Things I noticed not present in the images:
- Opencode can search the internet by default. This made it's results way better on some tasks. Eg the 3d printer explainer page it listed specific filament temperatures etc.
- On webdev, opencode delivered really good results. You can't interact with them from here, but it made cool interactive widgets that worked really well.

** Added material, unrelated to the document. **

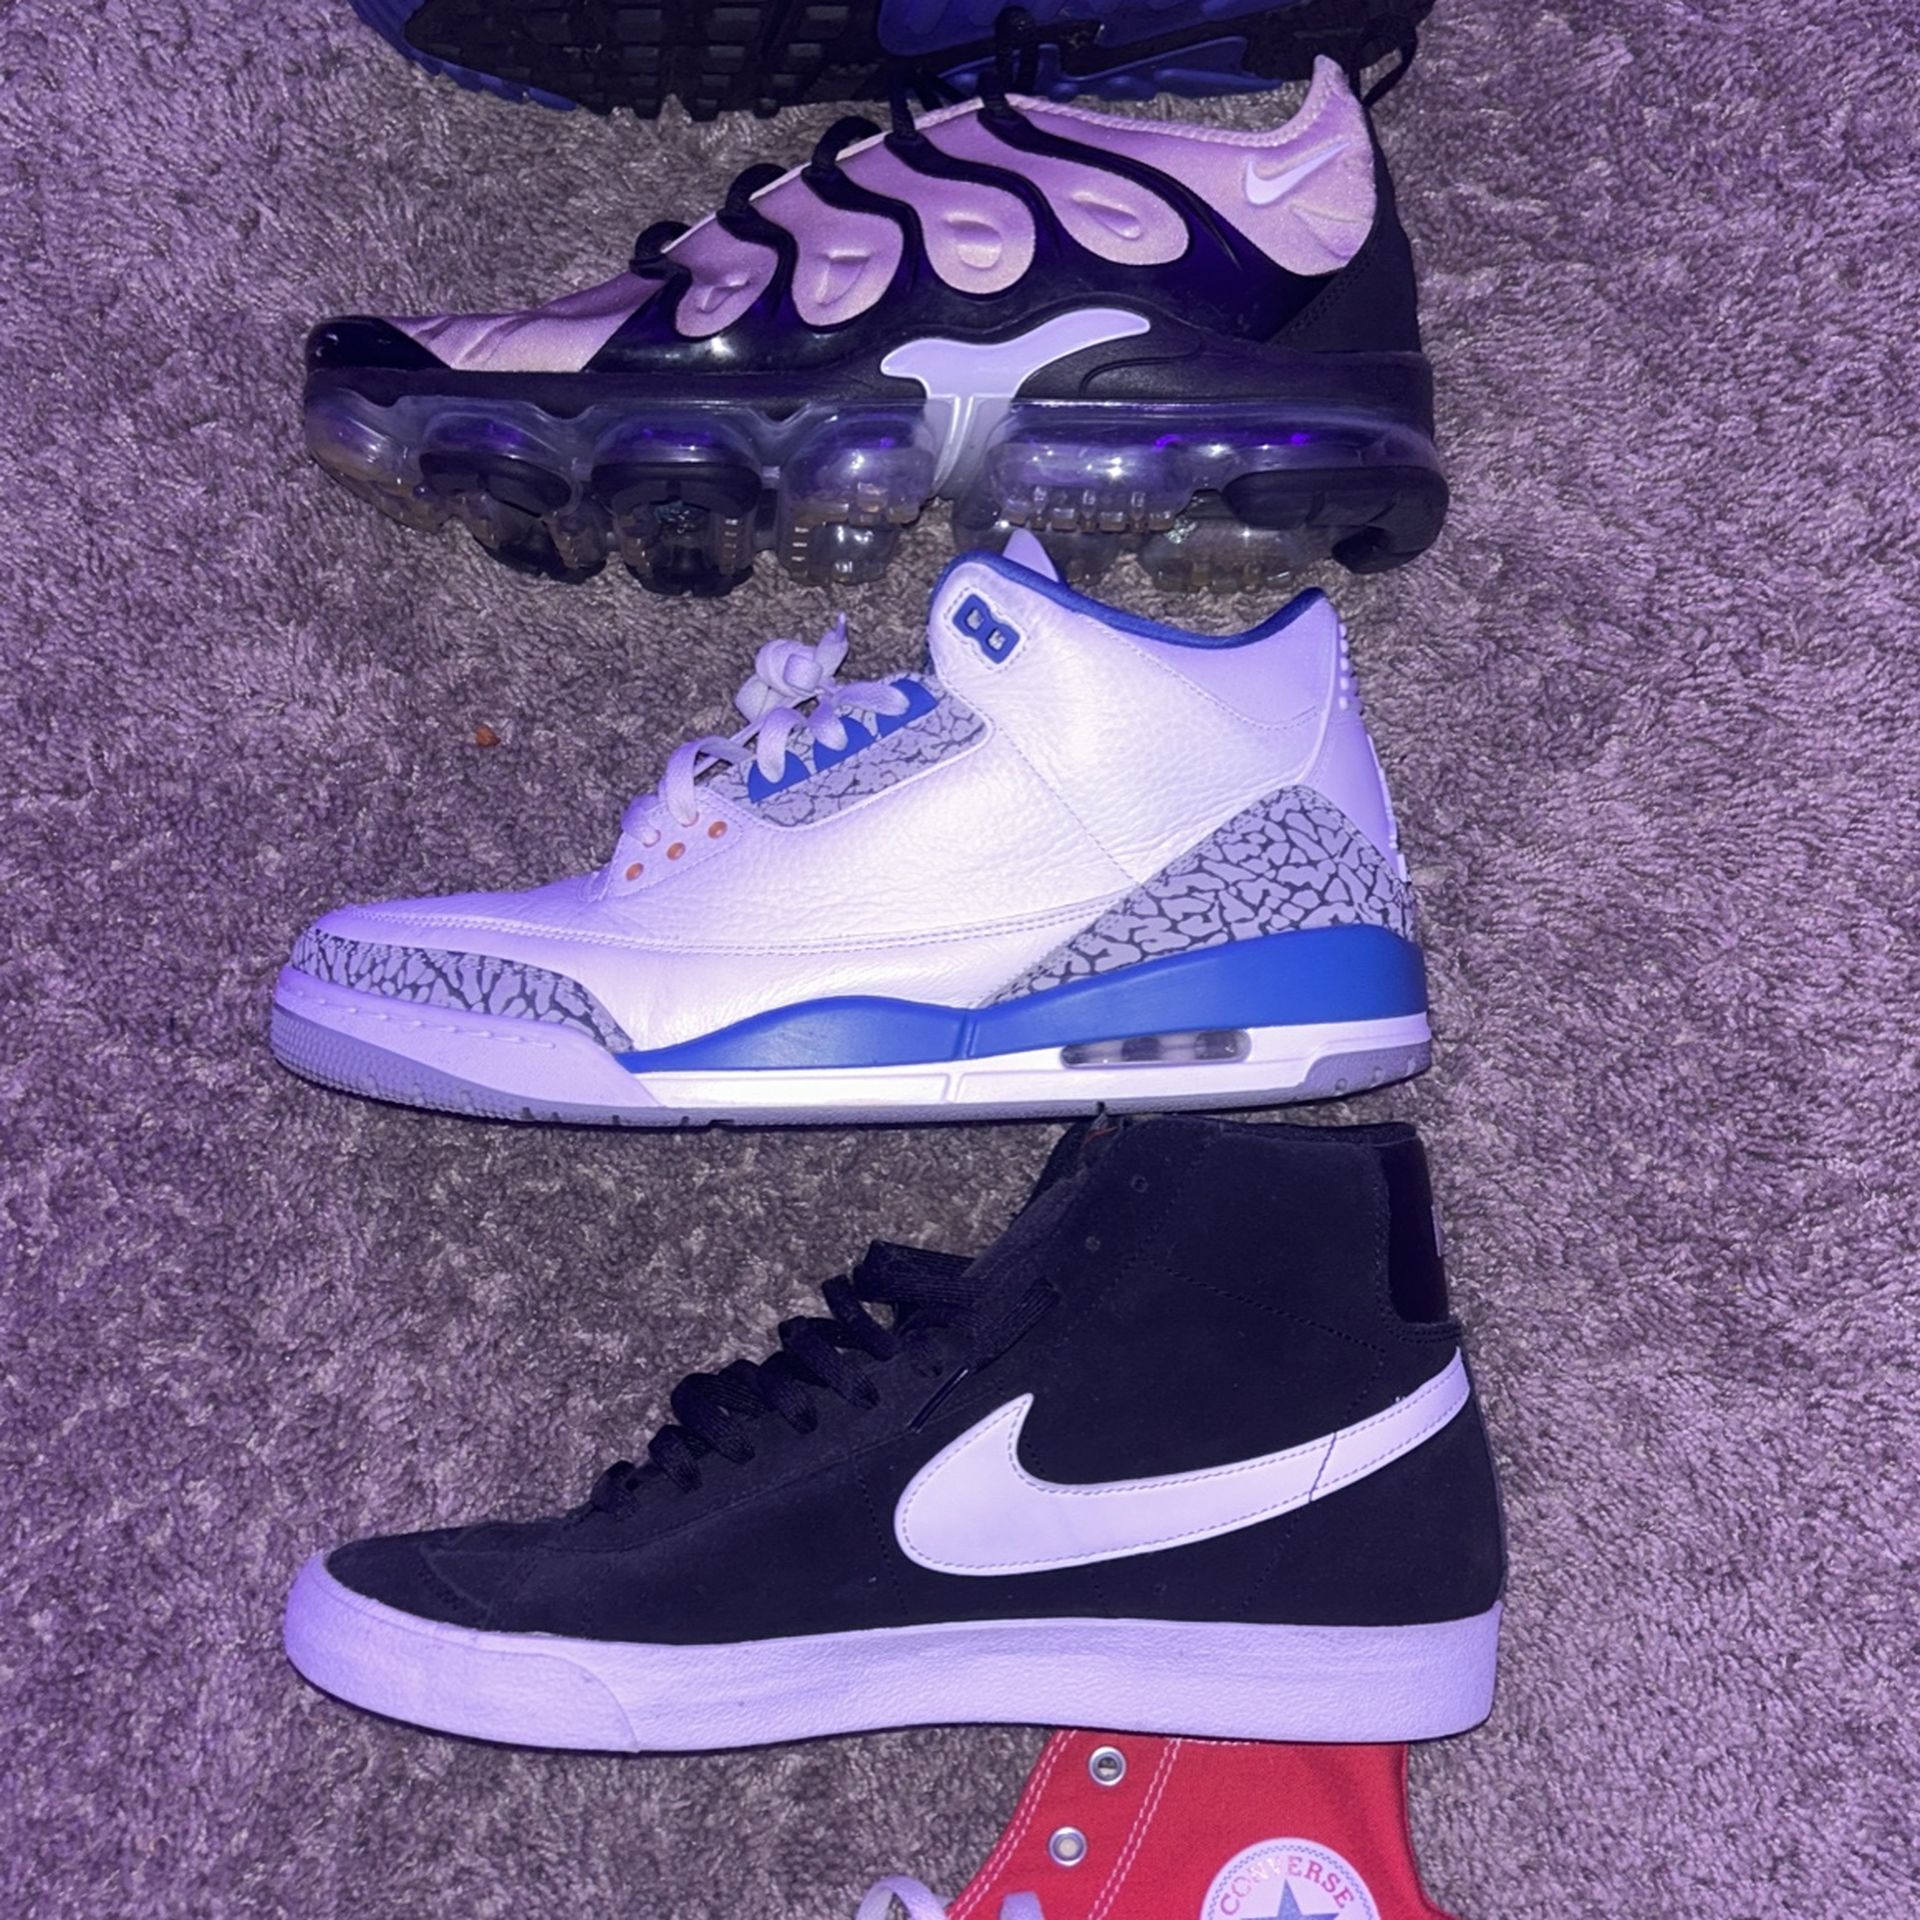 All Size 13 Jordan Nike

- The model really struggles with Github Copilot. It generally takes half a dozen tries to write a file. It keeps mucking up copilots file editing tools. Doesn't have this issue with other harnesses. Claude code, pi and opencode all take 4 LLM requests to create the pelican.svg. Github copilot takes 13! It tries the edit tool, it tries bash, it tries the edit tool again. Whatever tool schema they use, in my tests the LLM really struggles. This makes it really slow as it has to regenerate the same diffs again and again.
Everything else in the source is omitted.